Lideranças da Região Metropolitana debatem parcerias com Organizações Sociais para atuação na Saúde

23/11/2017 14h52 | por Trajano Budola
Audiência pública sobre a "Contratação e formas de atuação das organizações sociais na prestação de serviços para a Saúde Pública".

Audiência pública sobre a "Contratação e formas de atuação das organizações sociais na prestação de serviços para a Saúde Pública".Créditos: Noemi Froes/Alep

Audiência pública sobre a "Contratação e formas de atuação das organizações sociais na prestação de serviços para a Saúde Pública".

A contratação e as formas de atuação das Organizações Sociais (OS) na prestação de serviços para a saúde pública foi o tema de uma audiência pública no Plenarinho da Assembleia Legislativa do Paraná (Alep) na manhã desta quinta-feira (23). A proposição do deputado Guto Silva (PSD), vice-presidente da Mesa Executiva da Casa, reuniu representantes das secretarias de Saúde dos municípios da Região Metropolitana que fazem parte do Consórcio Metropolitano de Saúde do Paraná (Comesp), presidido pela prefeita de Colombo, Izabete Cristina Pavin; e da Associação dos Municípios da Região Metropolitana de Curitiba (Assomec), presidida pelo prefeito de Fazenda Rio Grande, Marcio Cláudio Wozniack.

De acordo com Guto Silva, existe entre os gestores municipais a preocupação com a demanda no atendimento à população e o acúmulo de dificuldades para o atendimento dos pacientes. “Precisamos buscar alternativas no custeio e na forma de realizar os investimentos na saúde. Muitas vezes há excesso de burocracia, dificuldade de pactuação, dificuldade com o teto constitucional, e as Organizações Sociais são alternativas para uma melhor qualidade no serviço, que não impacta o orçamento dos municípios de forma direta”, explicou.

Para o deputado, a discussão deve envolver o Tribunal de Contas e o Ministério Público no entendimento de que os serviços podem ser prestados por empresas em parcerias com os municípios. “Muitas vezes o prefeito está com dificuldade de caixa e precisa contratar para dar rapidez à iniciativa, e alguns lugares têm dificuldades por compreensão jurídica. O gestor municipal precisa ter condições de fazer investimentos com segurança, um ganho para a sociedade, com agilidade no serviço.
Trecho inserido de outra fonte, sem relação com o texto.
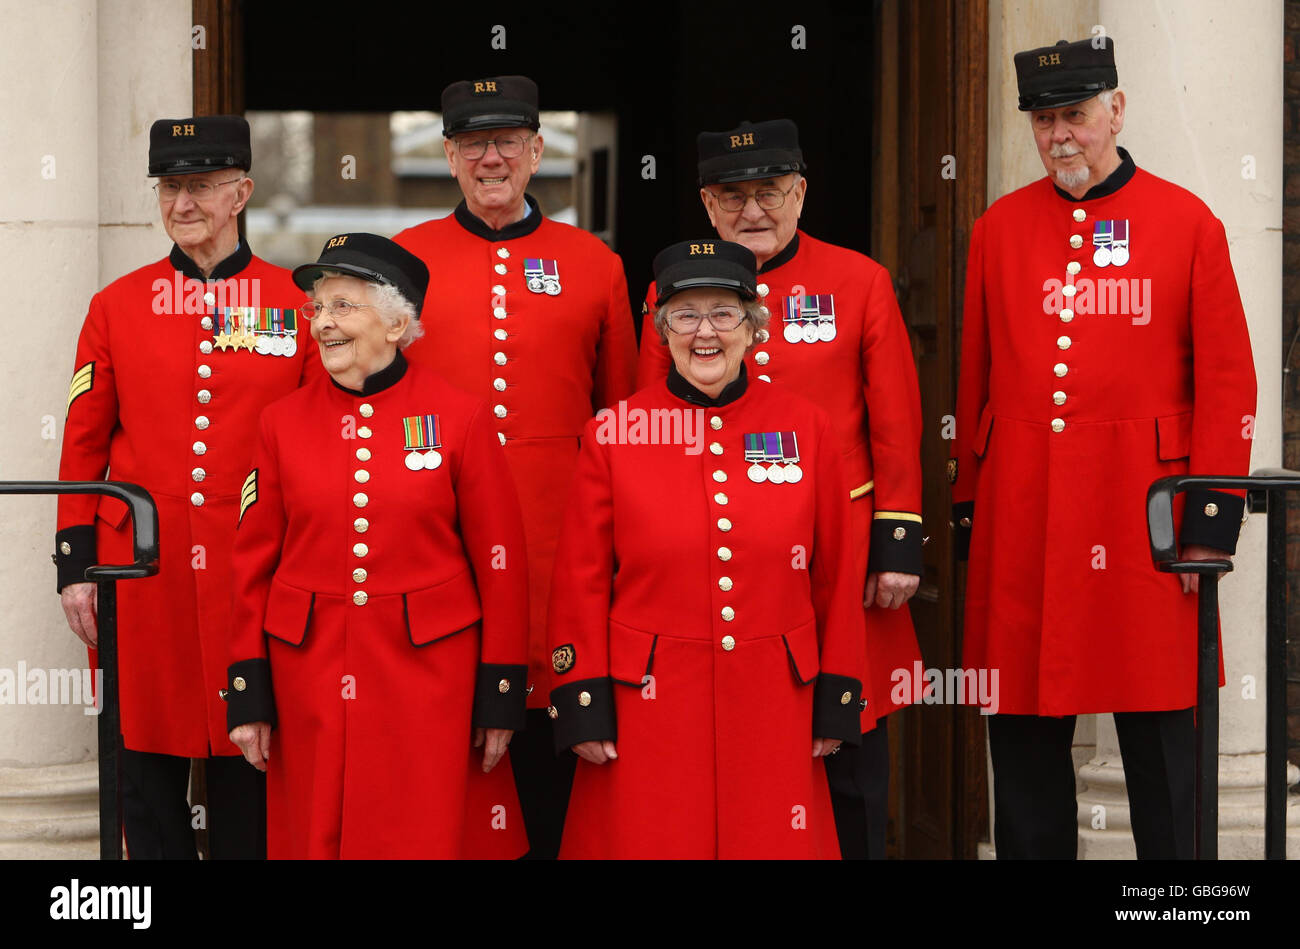 Winifred Phillips (front right) and Dorothy Hughes (front left) are welcomed by Chelsea Pensioners (back left to right) Lewis Prangle, Geoff Crowther, Ralph Dickinson and Alan Swain as the first women Chelsea pensioners at the Royal Hospital Chelsea in London. Stock Photo

Quem precisa de saúde não pode esperar”, afirmou.

De acordo com a prefeita Izabete Pavin, precisa haver entendimento com os órgãos controladores, Ministério Público e Tribunal de Contas, para que os 25 municípios que fazem parte da Comesp possam usar as parcerias com as Organizações Sociais. “É um mecanismo legítimo, constitucional, e precisamos debater para saber como usá-lo. O servidor público é essencial, mas existem áreas, como a saúde pública, em que parcerias com entidades privadas garantem o serviço ao cidadão”, afirmou.

Segundo o prefeito Marcio Wozniak, o Paraná teve experiências de parcerias que foram interrompidas por falta de entendimento com os órgãos controladores. “Temos que tirar dúvidas, tornar tudo transparente e comprovar ao Tribunal de Contas e Ministério Público que as Organizações Sociais são mais econômicas na gestão pública e dão serviço melhor do que manter o sistema atual”, afirmou. Ele explicou que todos os funcionários de Fazenda Rio Grande são concursados. “São muitas faltas, principalmente no serviço 24 horas, e deixam de atender a população. Eu não tenho um médico de reserva imediato para repor aquele que faltou, o que ocasiona filas e reclamações”, ressaltou.

O presidente do Conselho Regional dos Secretários Municipais de Saúde (Cresems), Giovani de Souza, disse que precisa haver o entendimento entre todos os 29 municípios da Região Metropolitana de Curitiba para a construção de uma agenda comum sobre o serviço complementar à saúde. “Linguagens diferentes em todos os lugares criam uma série de empecilhos burocráticos na decisão. Queremos criar um consenso sobre as Organizações Sociais, como elas podem nos ajudar no serviço complementar. A partir deste senso comum queremos levar adiante a agenda ao Governo do Estado, Tribunal de Contas e Ministério da Saúde”, explicou.

Palestra – O evento no Plenarinho da Alep contou com a palestra do doutor em Direito pela Universidade de São Paulo (USP), Fernando Borges Mânica, que falou sobre os principais obstáculos para as parcerias nos municípios e como os gestores podem ultrapassá-los. “Os órgãos de controle e fiscalização têm reconhecido a constitucionalidade e validade deste modelo, desde que haja documentos, comprovação, transparência na execução e implantação. As parcerias são instrumento eficiente de prestação de serviços, mas podem dar margem à corrupção e desvio de recursos. A estruturação interna do município e o acompanhamento tem que ser efetivos”, afirmou.